=== RECORDS PROVIDED ===
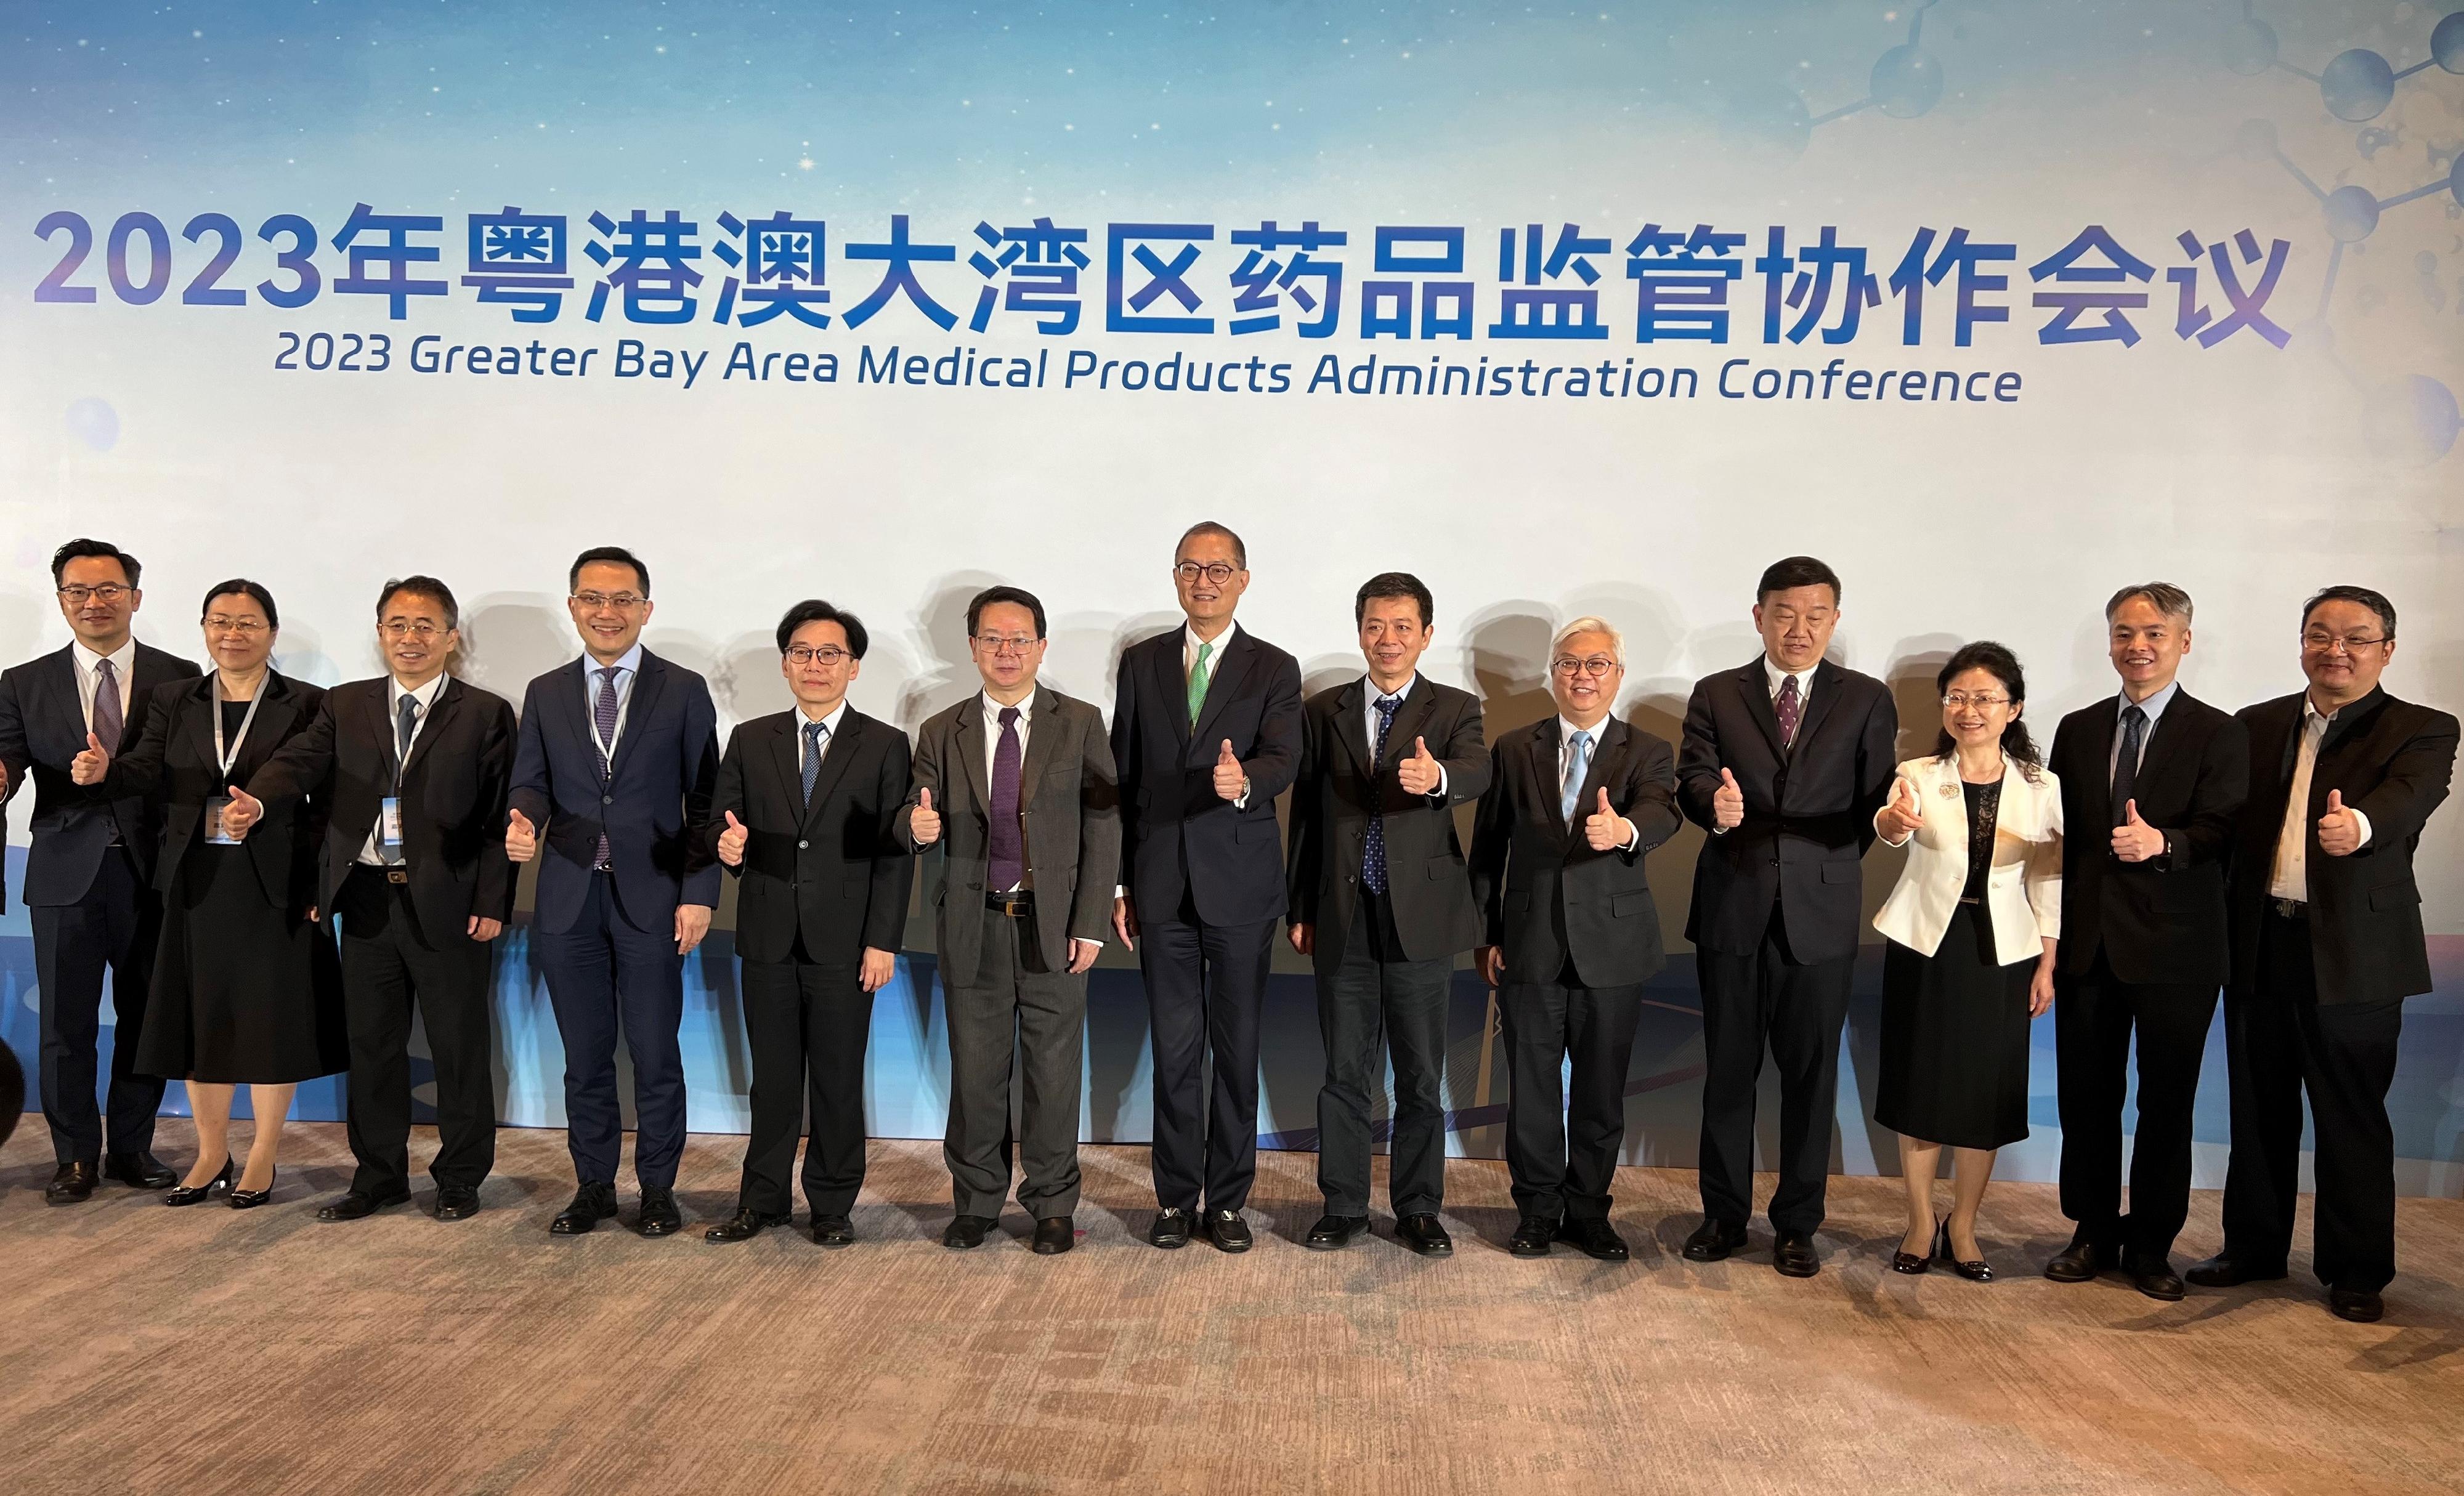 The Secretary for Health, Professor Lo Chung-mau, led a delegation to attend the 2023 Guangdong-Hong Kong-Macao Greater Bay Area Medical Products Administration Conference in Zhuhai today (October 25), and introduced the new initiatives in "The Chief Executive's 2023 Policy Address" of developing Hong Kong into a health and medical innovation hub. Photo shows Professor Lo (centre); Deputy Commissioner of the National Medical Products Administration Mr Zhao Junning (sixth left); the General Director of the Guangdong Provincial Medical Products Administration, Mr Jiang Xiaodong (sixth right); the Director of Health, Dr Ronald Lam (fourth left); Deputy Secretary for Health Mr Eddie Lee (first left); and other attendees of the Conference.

* * *

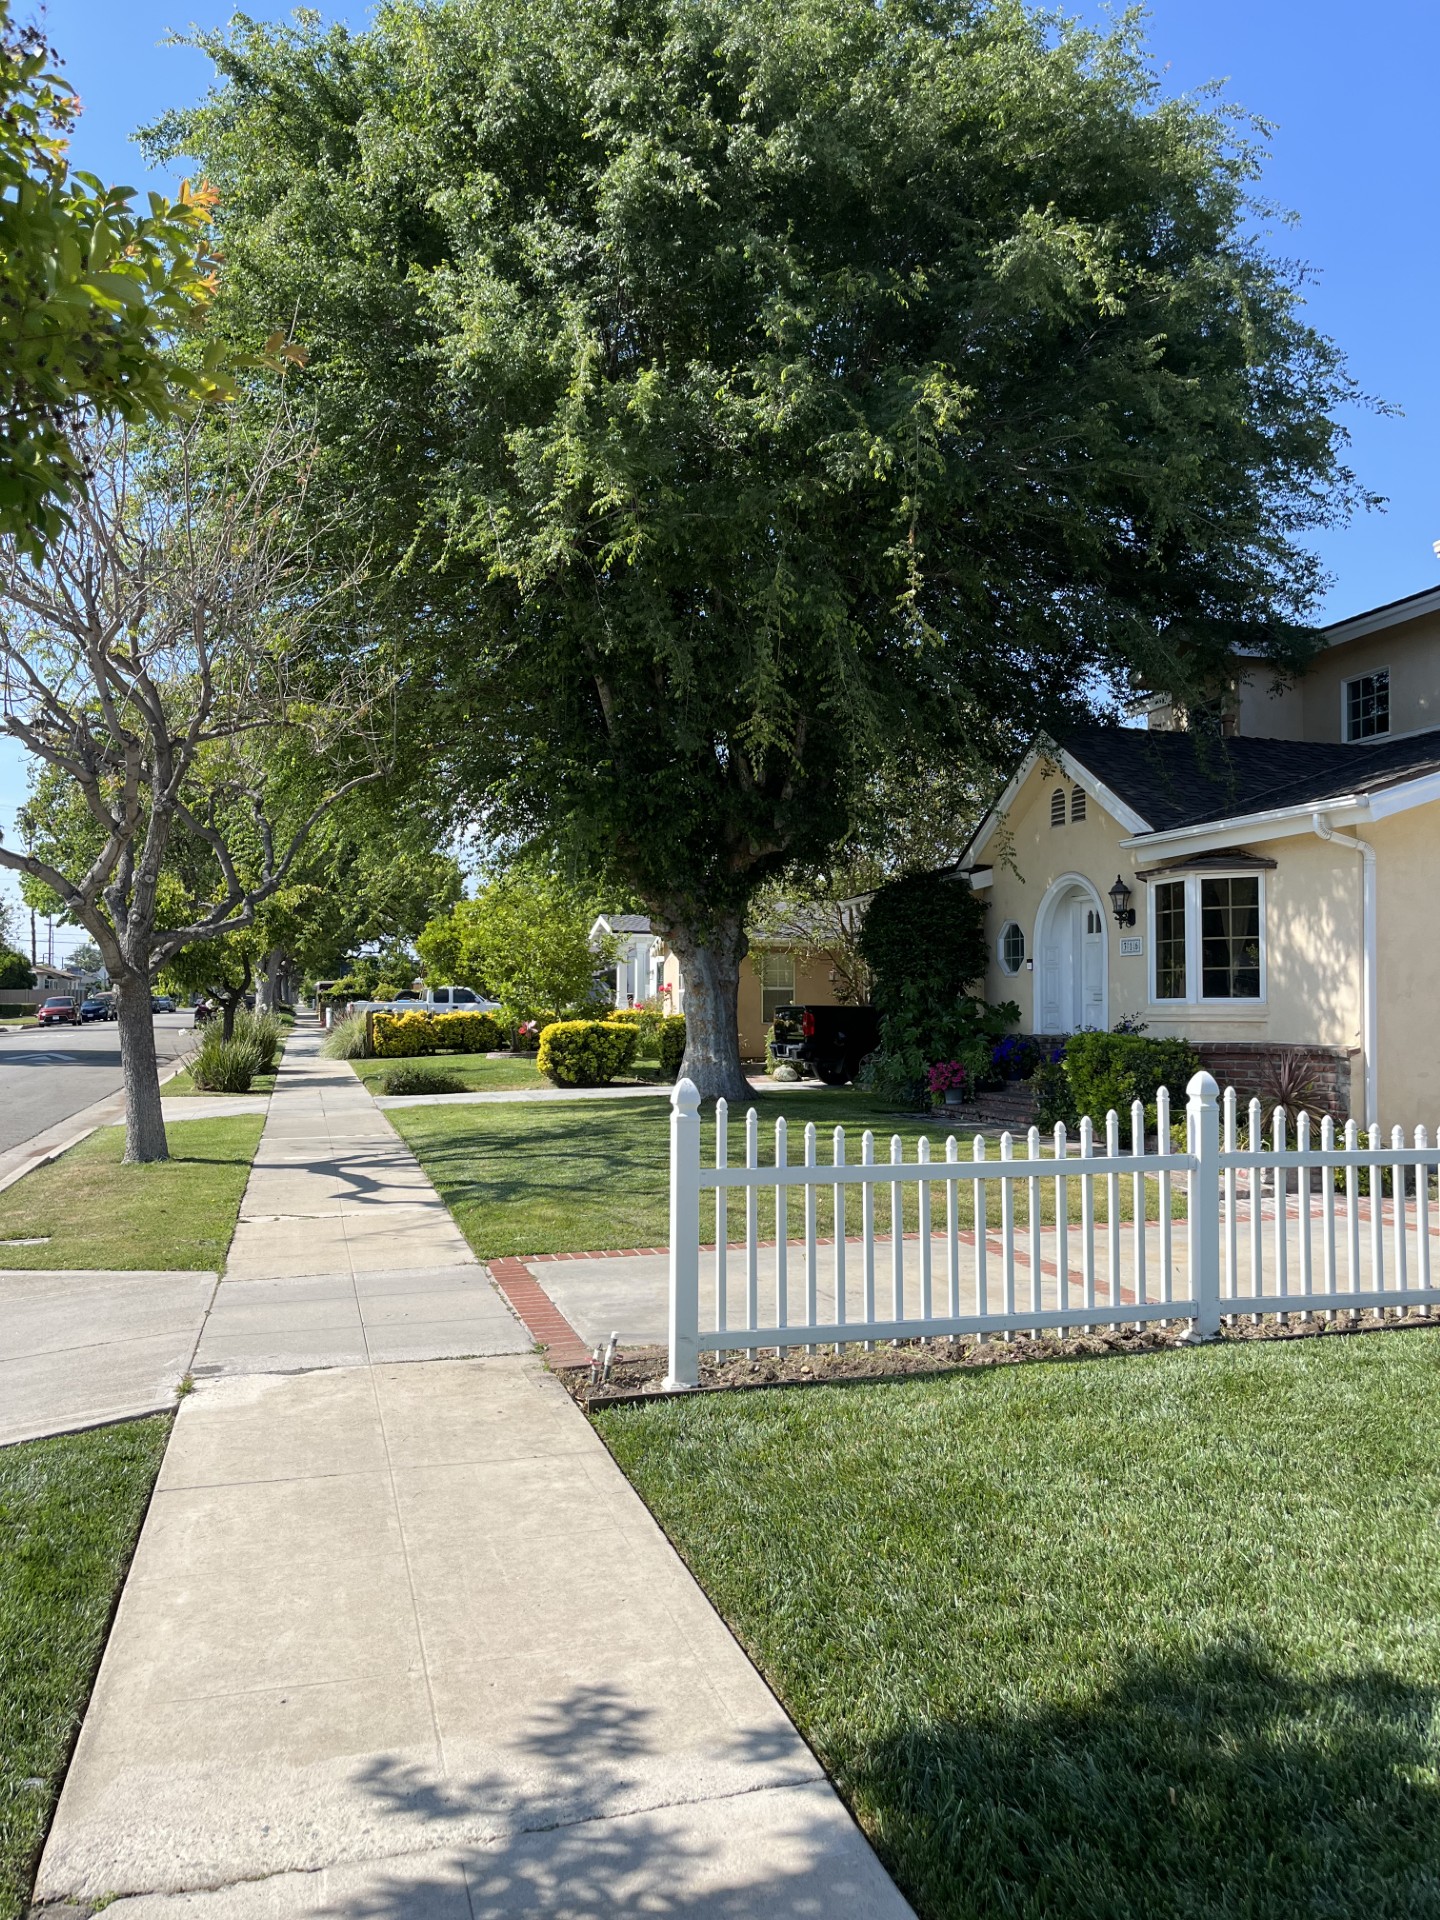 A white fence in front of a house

...

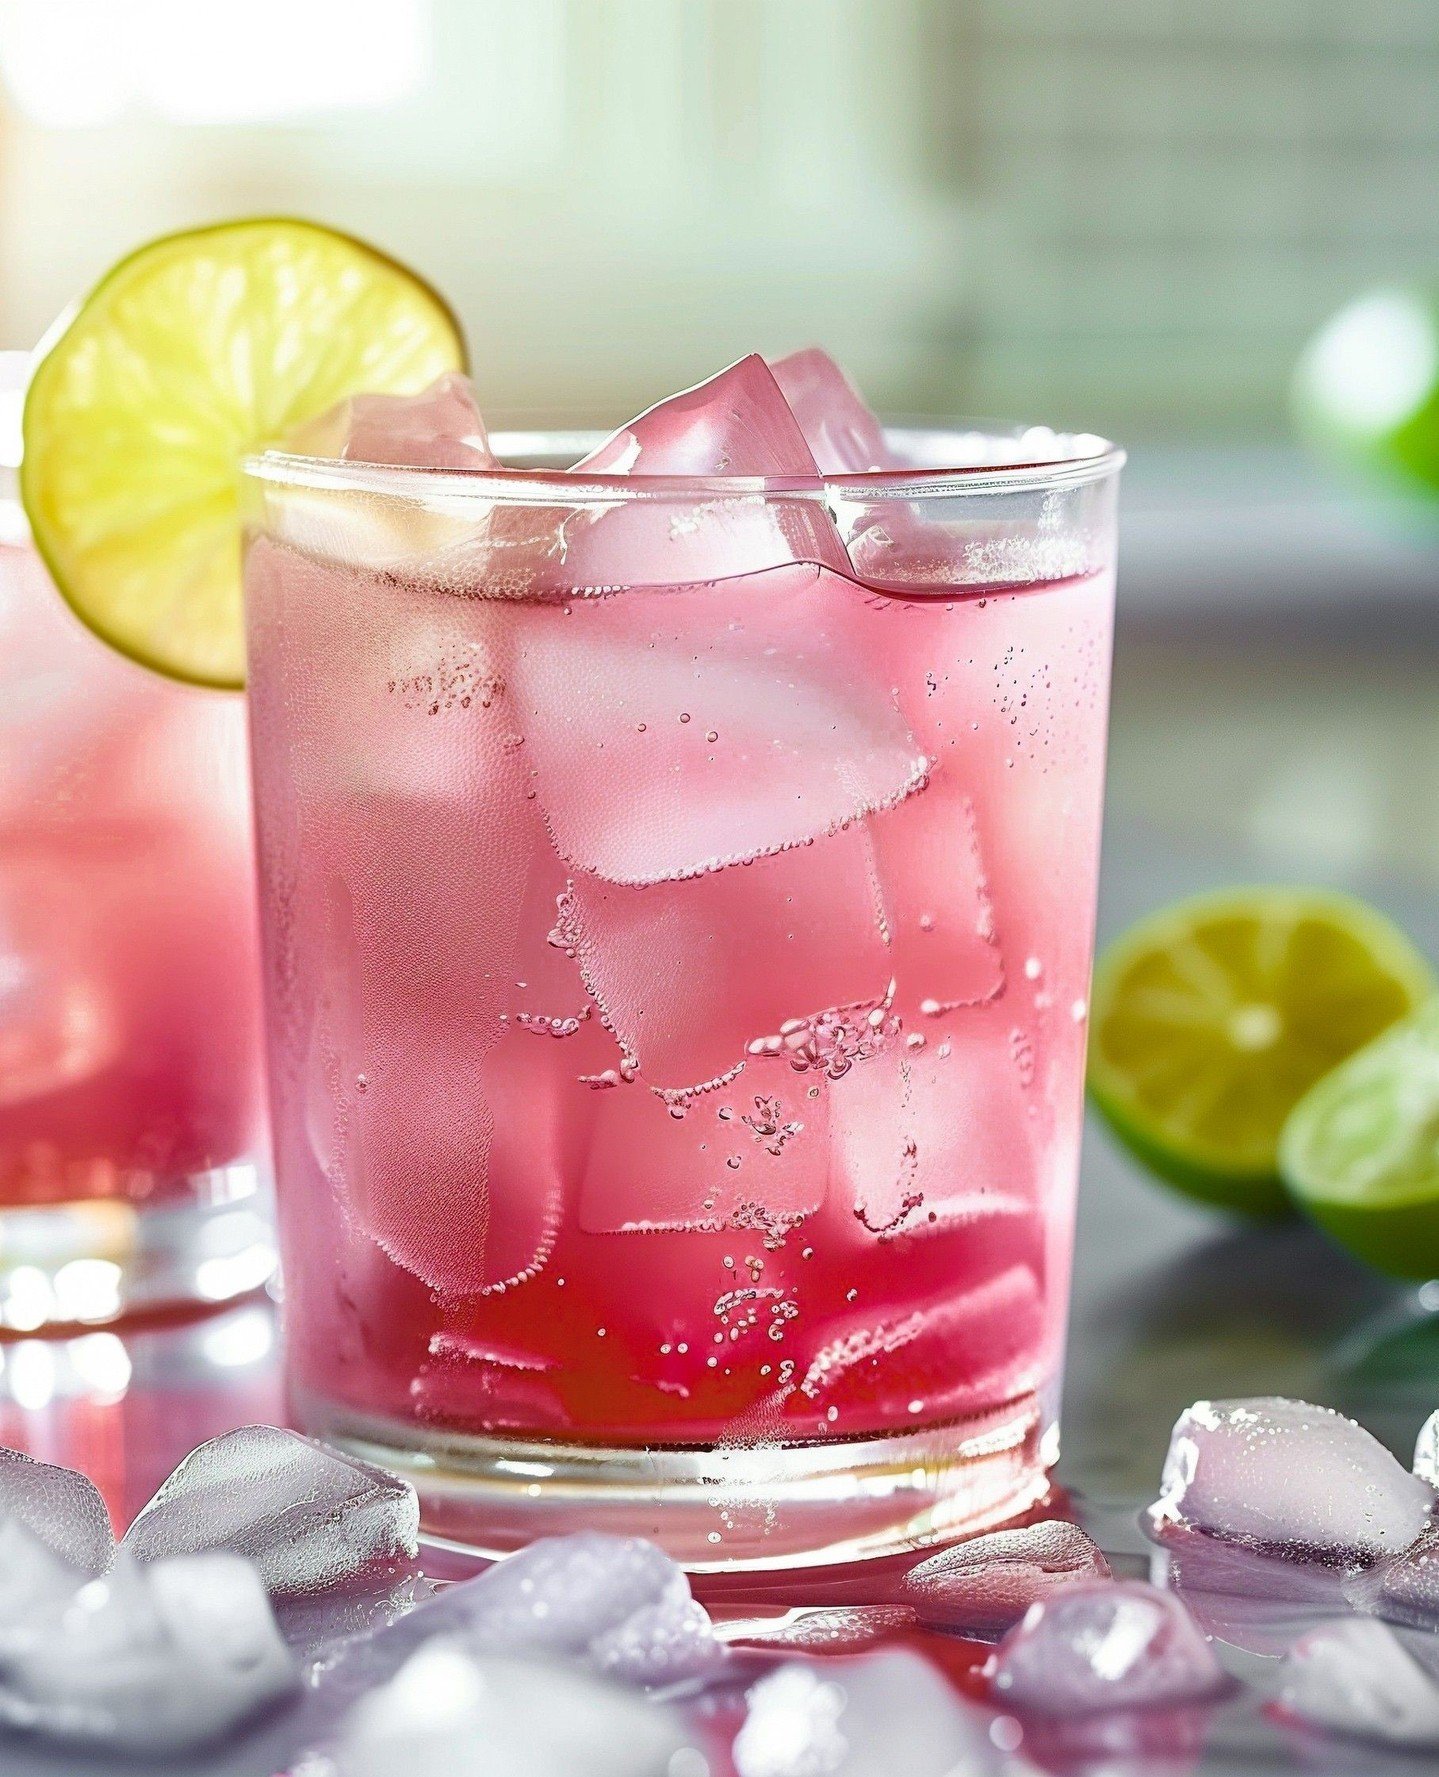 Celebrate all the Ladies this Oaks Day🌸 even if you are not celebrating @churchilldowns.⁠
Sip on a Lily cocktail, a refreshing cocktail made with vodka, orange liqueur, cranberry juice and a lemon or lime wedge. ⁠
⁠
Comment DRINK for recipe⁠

=== YOUR ASSIGNMENT ===
Write out the lines above from the one with "Celebrate all the" through the one with "Comment DRINK for recipe⁠", ends included, exactly; no picture goes in.

=== RESULT OF THE EXERCISE ===
 Celebrate all the Ladies this Oaks Day🌸 even if you are not celebrating @churchilldowns.⁠
Sip on a Lily cocktail, a refreshing cocktail made with vodka, orange liqueur, cranberry juice and a lemon or lime wedge. ⁠
⁠
Comment DRINK for recipe⁠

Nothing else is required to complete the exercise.